How effective do you think child protection services would be if parents had to give their permission for people to report their concerns? Confused

BertrandRussell · 20/09/2018 11:15

“She said he was being kicked and then the child went to fetch another child and they both kicked him. Sounds like bullying to me.“

Hmm. He poked another child in the genitals and that child went to get his big sister.
.

Namechangeforthiscancershit · 20/09/2018 11:27

I’m sure you’ve realised by now that it’s not a GDPR issue.

I’m sure nothing will come of it as there won’t be anything else about your son on their system.

At 6 though he should know this isn’t on. Retaliating or not he can’t poke other children in their genitals.

SpikyCactus · 20/09/2018 12:59

He didn't kick. According to the OP he poked them. That suggests he used his hand
If I was on the ground being kicked I wouldn’t care whether I used my hand or foot to defend myself.

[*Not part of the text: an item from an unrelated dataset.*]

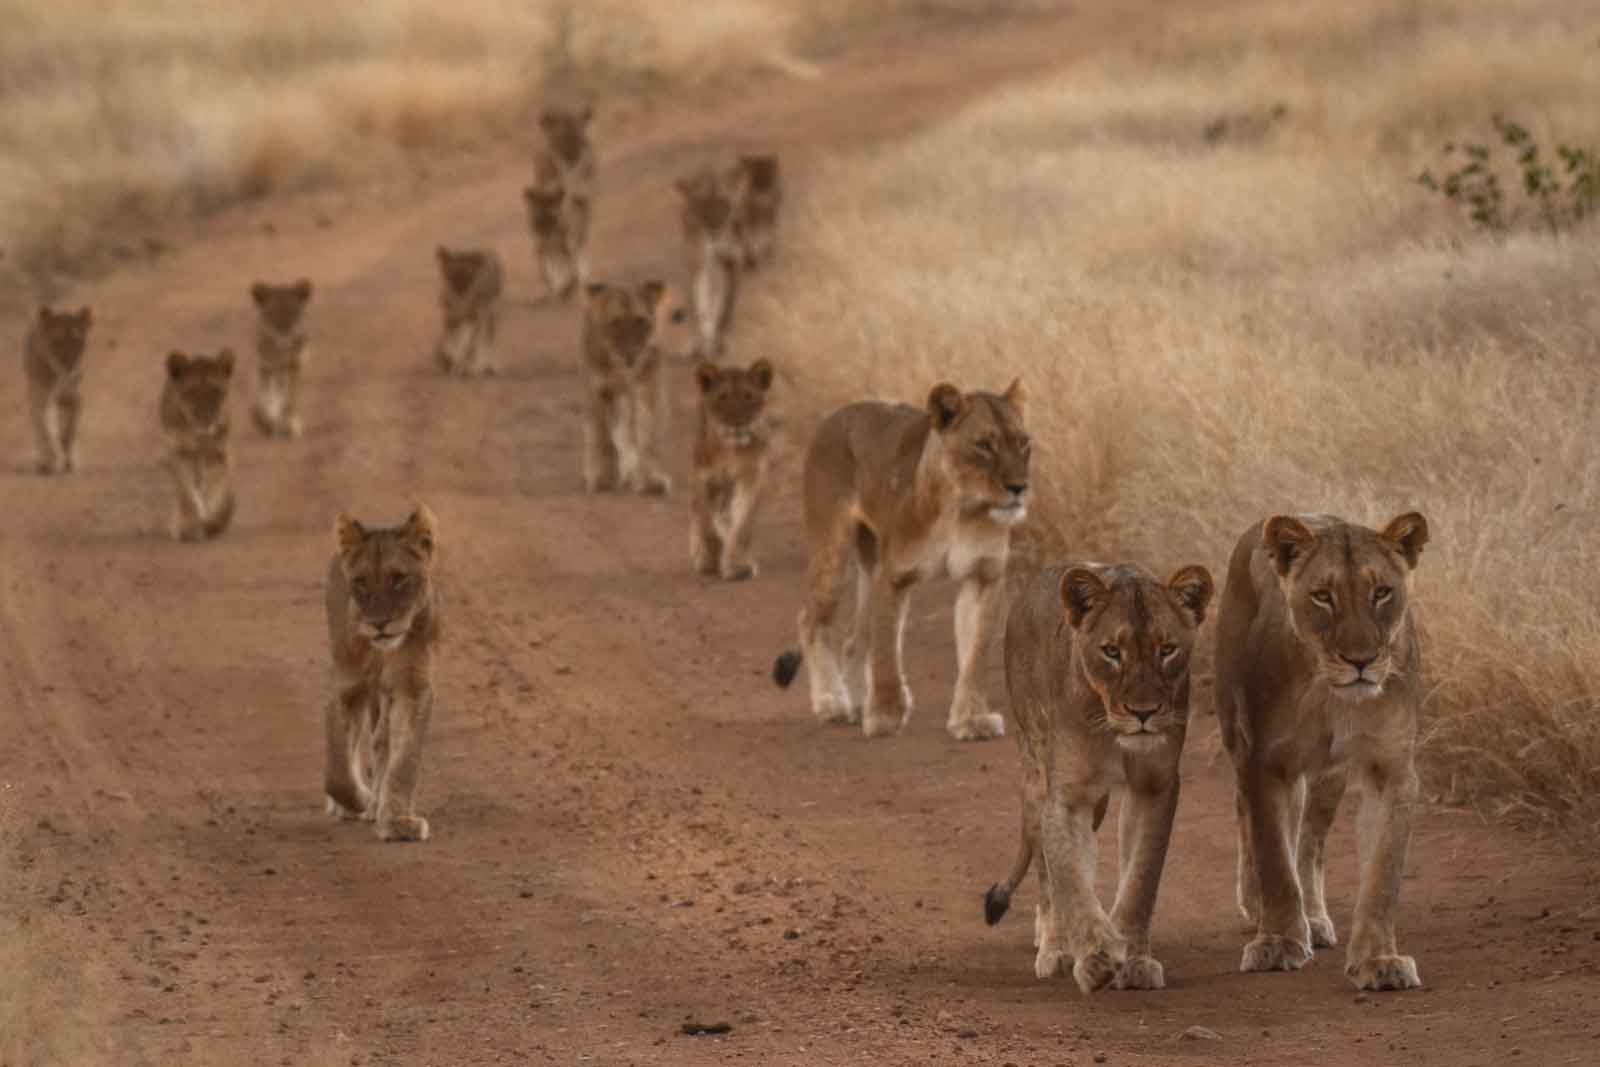 Maseke Pride of Lions at Chacma

Hmm. He poked another child in the genitals
In self defence because that child was kicking him. Not unprovoked.

The whole situation has been caused by the other two children attacking OP’s son. And he’s being blamed for defending himself by lashing out to get his attackers to stop. Where his blows landed on the attackers’ bodies is irrelevant. He shouldn’t have had to hit them at all.

SpikyCactus · 20/09/2018 13:04

Retaliating or not he can’t poke other children in their genitals
I disagree. If someone attacks me I’ll defend myself in any way possible, with feet or fists, and I’m highly likely to punch my attacker in the goolies to cause maximum pain and incapacitate them so I can escape. If you don’t want to be punched in the goolies then don’t attack me.

BertrandRussell · 20/09/2018 13:40

You do realise we are talking about 6 year olds?